» To do
From the entries below, retype only the lines from the one with "DROIT AU BAIL" through the one with "240fa13e527 BARDOT Snow", exactly as written.
----------------------------------------
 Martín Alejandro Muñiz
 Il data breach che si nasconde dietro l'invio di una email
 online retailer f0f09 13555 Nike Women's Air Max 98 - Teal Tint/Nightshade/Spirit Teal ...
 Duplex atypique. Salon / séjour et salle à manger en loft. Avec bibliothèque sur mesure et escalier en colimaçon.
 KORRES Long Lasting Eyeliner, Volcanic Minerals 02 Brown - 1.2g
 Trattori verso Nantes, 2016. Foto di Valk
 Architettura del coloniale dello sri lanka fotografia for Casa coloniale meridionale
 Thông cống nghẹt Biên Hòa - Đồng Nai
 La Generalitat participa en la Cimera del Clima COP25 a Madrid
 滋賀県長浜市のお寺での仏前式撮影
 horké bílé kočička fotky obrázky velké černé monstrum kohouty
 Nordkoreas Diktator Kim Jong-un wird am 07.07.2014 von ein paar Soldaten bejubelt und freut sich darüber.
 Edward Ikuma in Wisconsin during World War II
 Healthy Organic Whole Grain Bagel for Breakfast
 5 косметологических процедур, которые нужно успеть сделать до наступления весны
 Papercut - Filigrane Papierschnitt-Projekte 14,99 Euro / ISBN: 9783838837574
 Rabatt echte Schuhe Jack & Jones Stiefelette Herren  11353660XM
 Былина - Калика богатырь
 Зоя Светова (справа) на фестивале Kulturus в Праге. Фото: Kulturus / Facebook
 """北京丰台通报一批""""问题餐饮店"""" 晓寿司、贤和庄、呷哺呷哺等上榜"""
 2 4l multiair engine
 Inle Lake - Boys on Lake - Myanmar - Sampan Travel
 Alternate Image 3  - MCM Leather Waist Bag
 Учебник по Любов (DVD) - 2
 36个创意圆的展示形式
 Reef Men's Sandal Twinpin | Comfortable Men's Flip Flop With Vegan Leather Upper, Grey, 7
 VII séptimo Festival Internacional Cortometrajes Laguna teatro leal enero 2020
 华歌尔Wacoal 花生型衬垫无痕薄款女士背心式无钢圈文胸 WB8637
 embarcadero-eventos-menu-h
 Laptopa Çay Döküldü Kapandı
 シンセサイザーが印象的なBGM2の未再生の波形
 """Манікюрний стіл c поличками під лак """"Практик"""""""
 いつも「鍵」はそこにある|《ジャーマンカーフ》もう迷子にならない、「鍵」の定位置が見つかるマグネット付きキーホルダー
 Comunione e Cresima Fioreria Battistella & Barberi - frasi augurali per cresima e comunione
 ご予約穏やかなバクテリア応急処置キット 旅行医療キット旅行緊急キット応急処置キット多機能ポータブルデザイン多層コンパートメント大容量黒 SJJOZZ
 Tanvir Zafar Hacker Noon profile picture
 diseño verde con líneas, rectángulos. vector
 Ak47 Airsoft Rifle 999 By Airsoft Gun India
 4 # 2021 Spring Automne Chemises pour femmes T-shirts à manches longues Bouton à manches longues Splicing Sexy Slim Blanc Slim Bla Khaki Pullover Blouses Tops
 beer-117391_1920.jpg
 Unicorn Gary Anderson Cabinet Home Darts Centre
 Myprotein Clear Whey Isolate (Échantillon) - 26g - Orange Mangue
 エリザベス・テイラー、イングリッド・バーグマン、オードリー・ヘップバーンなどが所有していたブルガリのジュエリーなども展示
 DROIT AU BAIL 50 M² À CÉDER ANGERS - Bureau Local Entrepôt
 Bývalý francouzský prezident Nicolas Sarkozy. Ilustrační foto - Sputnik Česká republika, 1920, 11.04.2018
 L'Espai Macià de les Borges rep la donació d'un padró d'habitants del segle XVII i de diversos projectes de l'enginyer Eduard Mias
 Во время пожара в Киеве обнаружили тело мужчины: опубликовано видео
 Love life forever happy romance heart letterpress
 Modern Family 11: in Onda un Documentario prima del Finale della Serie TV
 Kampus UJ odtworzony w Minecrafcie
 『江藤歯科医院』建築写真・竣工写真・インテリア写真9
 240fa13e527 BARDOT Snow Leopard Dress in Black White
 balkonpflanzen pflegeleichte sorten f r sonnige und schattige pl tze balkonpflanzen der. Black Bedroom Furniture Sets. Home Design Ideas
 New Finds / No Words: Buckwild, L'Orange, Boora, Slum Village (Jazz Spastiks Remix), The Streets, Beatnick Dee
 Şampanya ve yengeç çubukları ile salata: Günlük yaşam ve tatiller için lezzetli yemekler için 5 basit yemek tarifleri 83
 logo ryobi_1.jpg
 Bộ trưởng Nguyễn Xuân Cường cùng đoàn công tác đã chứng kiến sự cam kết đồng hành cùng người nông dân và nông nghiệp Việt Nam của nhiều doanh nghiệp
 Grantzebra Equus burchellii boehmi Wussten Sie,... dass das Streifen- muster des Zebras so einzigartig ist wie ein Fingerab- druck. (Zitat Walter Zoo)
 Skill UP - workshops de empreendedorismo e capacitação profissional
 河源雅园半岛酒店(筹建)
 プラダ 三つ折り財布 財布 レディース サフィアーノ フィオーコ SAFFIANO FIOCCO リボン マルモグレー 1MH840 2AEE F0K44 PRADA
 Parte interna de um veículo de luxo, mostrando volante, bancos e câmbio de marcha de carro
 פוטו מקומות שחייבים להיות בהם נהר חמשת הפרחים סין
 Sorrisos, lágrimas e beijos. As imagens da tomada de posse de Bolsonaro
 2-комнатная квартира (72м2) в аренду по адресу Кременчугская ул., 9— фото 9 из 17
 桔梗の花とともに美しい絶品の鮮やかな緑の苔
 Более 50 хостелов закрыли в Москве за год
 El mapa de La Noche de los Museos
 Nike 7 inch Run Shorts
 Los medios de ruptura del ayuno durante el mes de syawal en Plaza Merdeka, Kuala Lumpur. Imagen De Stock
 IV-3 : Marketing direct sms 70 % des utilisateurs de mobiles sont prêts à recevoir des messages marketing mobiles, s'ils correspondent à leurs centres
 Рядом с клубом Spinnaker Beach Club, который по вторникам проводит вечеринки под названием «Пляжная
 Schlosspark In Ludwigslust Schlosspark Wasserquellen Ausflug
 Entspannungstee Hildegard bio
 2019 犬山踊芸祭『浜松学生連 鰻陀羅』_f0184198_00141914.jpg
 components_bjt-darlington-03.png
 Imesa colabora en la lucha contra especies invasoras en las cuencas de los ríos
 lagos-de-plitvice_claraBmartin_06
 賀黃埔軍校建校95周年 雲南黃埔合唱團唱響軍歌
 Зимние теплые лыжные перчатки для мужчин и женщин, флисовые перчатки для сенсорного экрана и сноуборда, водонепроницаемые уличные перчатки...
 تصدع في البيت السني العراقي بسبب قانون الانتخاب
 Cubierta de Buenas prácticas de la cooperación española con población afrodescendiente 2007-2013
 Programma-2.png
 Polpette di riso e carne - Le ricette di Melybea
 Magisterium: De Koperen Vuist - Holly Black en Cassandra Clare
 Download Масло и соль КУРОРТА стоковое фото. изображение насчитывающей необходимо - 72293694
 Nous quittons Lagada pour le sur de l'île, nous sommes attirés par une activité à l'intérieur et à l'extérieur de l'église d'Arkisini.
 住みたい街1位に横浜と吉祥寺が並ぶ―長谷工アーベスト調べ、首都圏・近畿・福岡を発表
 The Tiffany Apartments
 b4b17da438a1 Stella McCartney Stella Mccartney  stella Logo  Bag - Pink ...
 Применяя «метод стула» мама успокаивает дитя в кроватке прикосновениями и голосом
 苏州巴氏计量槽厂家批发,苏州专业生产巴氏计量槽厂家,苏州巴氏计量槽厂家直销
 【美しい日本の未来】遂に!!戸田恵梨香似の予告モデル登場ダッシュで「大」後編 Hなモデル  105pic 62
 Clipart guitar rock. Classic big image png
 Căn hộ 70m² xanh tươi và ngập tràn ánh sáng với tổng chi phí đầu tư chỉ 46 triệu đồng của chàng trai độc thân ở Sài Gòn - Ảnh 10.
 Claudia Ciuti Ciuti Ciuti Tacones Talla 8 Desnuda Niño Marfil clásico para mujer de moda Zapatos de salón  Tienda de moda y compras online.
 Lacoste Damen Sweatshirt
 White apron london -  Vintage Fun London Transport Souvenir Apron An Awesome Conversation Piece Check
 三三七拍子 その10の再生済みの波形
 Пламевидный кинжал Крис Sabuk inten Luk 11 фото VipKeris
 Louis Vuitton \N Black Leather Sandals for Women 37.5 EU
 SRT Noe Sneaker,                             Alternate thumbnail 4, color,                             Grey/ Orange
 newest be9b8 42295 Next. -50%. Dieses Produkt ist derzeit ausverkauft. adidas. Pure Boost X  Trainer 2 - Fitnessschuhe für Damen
----------------------------------------
» Your solution
 DROIT AU BAIL 50 M² À CÉDER ANGERS - Bureau Local Entrepôt
 Bývalý francouzský prezident Nicolas Sarkozy. Ilustrační foto - Sputnik Česká republika, 1920, 11.04.2018
 L'Espai Macià de les Borges rep la donació d'un padró d'habitants del segle XVII i de diversos projectes de l'enginyer Eduard Mias
 Во время пожара в Киеве обнаружили тело мужчины: опубликовано видео
 Love life forever happy romance heart letterpress
 Modern Family 11: in Onda un Documentario prima del Finale della Serie TV
 Kampus UJ odtworzony w Minecrafcie
 『江藤歯科医院』建築写真・竣工写真・インテリア写真9
 240fa13e527 BARDOT Snow Leopard Dress in Black White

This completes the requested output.